Saved data entries

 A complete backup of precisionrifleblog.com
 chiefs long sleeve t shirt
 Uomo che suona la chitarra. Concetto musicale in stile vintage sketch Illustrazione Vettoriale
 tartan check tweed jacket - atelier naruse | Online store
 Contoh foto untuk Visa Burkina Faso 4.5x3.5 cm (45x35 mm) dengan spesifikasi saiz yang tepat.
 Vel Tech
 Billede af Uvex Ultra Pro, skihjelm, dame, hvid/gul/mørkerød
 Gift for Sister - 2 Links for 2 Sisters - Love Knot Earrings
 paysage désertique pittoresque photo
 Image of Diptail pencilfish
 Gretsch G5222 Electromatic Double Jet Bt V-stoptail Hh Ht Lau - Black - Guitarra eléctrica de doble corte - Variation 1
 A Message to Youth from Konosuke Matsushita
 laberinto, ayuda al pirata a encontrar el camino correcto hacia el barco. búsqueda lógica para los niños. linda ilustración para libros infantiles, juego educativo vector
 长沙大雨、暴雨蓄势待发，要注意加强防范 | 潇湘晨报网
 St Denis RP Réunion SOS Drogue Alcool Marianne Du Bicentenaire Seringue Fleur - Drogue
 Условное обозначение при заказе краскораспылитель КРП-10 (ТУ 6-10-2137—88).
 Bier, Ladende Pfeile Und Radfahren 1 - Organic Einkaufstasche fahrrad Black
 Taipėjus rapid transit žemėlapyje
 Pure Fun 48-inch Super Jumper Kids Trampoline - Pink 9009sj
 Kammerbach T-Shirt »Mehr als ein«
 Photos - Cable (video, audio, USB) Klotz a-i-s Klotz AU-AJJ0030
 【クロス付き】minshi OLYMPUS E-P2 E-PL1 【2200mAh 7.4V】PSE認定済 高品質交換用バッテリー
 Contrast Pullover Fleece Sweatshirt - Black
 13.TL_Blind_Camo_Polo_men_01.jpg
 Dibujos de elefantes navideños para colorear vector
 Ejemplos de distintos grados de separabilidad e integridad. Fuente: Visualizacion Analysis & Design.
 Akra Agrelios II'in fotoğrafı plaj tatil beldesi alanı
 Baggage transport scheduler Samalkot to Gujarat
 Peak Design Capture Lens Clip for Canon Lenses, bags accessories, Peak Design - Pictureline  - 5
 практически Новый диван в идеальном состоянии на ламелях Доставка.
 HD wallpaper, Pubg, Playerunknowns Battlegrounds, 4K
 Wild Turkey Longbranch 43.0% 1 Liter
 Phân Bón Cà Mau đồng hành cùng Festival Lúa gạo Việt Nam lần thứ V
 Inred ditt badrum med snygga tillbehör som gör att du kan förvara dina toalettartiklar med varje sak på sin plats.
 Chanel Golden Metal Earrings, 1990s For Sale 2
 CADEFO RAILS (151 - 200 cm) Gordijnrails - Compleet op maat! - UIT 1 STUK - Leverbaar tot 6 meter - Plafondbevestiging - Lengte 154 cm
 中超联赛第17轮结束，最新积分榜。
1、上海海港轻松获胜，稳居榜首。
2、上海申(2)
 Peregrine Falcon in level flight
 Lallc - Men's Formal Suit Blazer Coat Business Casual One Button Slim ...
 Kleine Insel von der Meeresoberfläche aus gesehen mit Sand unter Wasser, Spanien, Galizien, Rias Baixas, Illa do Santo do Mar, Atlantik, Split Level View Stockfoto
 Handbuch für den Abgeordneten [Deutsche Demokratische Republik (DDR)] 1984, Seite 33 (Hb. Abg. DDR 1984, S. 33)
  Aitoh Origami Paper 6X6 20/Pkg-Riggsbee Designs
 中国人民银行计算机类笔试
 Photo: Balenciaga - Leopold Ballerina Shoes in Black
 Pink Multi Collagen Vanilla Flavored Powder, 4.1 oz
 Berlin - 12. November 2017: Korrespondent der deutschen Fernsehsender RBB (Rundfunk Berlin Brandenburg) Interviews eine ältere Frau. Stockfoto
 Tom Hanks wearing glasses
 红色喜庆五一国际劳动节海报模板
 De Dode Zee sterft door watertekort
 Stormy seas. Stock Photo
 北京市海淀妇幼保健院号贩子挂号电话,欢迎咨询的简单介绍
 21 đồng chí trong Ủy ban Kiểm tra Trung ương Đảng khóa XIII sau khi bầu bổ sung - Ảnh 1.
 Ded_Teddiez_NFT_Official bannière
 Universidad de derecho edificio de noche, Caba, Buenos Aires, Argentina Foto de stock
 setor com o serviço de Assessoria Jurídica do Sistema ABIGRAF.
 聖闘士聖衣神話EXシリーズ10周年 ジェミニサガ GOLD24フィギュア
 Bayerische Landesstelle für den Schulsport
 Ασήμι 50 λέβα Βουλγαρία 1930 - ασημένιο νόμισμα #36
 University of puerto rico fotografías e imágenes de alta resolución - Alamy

■ **TASK INSTRUCTIONS**: Will you return exactly the lines above from the one with "Ejemplos de distintos" down to the one with "Wild Turkey Longbranch 43.0% 1 Liter", counting both as part of the range?

■ **ANSWER FOR THIS EXERCISE**:
 Ejemplos de distintos grados de separabilidad e integridad. Fuente: Visualizacion Analysis & Design.
 Akra Agrelios II'in fotoğrafı plaj tatil beldesi alanı
 Baggage transport scheduler Samalkot to Gujarat
 Peak Design Capture Lens Clip for Canon Lenses, bags accessories, Peak Design - Pictureline  - 5
 практически Новый диван в идеальном состоянии на ламелях Доставка.
 HD wallpaper, Pubg, Playerunknowns Battlegrounds, 4K
 Wild Turkey Longbranch 43.0% 1 Liter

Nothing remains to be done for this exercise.